=== To do ===
In the listing below, find each line holding "Stock" and copy it.

=== Material provided ===
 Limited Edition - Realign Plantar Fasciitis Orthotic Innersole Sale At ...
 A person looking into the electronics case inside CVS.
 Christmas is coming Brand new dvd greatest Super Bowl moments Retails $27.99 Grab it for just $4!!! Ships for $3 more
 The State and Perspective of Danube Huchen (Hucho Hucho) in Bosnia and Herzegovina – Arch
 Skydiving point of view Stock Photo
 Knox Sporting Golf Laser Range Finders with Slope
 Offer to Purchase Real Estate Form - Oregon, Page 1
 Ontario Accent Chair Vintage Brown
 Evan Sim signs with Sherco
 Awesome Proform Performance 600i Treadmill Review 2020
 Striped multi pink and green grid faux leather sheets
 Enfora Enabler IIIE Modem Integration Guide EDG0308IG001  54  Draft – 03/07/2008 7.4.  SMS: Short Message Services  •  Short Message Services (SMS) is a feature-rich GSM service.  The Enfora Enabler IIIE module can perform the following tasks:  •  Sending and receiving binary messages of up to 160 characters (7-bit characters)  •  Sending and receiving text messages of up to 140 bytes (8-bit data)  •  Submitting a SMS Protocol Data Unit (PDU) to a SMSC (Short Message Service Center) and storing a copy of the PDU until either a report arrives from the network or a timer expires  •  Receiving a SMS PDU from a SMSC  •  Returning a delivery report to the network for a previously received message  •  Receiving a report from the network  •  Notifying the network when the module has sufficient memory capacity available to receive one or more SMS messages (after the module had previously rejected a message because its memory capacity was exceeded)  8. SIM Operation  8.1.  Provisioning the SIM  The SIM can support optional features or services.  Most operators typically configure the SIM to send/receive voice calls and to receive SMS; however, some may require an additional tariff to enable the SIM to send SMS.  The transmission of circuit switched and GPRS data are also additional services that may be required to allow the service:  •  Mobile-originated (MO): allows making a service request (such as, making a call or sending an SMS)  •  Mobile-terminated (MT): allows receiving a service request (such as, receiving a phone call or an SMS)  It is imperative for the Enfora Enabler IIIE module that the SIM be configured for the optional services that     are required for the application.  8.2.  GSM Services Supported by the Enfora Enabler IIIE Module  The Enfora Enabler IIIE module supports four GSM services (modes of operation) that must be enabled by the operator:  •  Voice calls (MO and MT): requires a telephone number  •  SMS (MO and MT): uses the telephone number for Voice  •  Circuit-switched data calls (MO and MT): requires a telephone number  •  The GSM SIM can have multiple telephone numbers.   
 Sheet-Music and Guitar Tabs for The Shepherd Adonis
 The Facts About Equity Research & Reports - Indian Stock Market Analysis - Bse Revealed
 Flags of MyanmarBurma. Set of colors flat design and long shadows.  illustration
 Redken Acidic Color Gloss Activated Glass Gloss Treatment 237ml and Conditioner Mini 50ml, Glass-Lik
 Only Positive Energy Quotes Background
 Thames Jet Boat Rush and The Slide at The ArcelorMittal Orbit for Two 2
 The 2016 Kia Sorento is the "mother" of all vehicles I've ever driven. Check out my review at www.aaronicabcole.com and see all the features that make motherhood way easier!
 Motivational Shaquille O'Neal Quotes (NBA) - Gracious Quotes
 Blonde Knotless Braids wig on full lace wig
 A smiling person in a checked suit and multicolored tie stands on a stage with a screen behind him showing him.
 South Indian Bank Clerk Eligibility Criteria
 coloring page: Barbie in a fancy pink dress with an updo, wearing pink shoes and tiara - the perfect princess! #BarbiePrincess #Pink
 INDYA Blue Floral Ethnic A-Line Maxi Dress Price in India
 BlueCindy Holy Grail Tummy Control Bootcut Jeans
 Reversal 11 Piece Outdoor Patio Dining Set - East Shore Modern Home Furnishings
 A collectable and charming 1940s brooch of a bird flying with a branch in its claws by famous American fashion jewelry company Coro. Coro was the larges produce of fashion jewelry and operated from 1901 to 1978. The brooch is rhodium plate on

=== Your solution ===
 Skydiving point of view Stock Photo
 The Facts About Equity Research & Reports - Indian Stock Market Analysis - Bse Revealed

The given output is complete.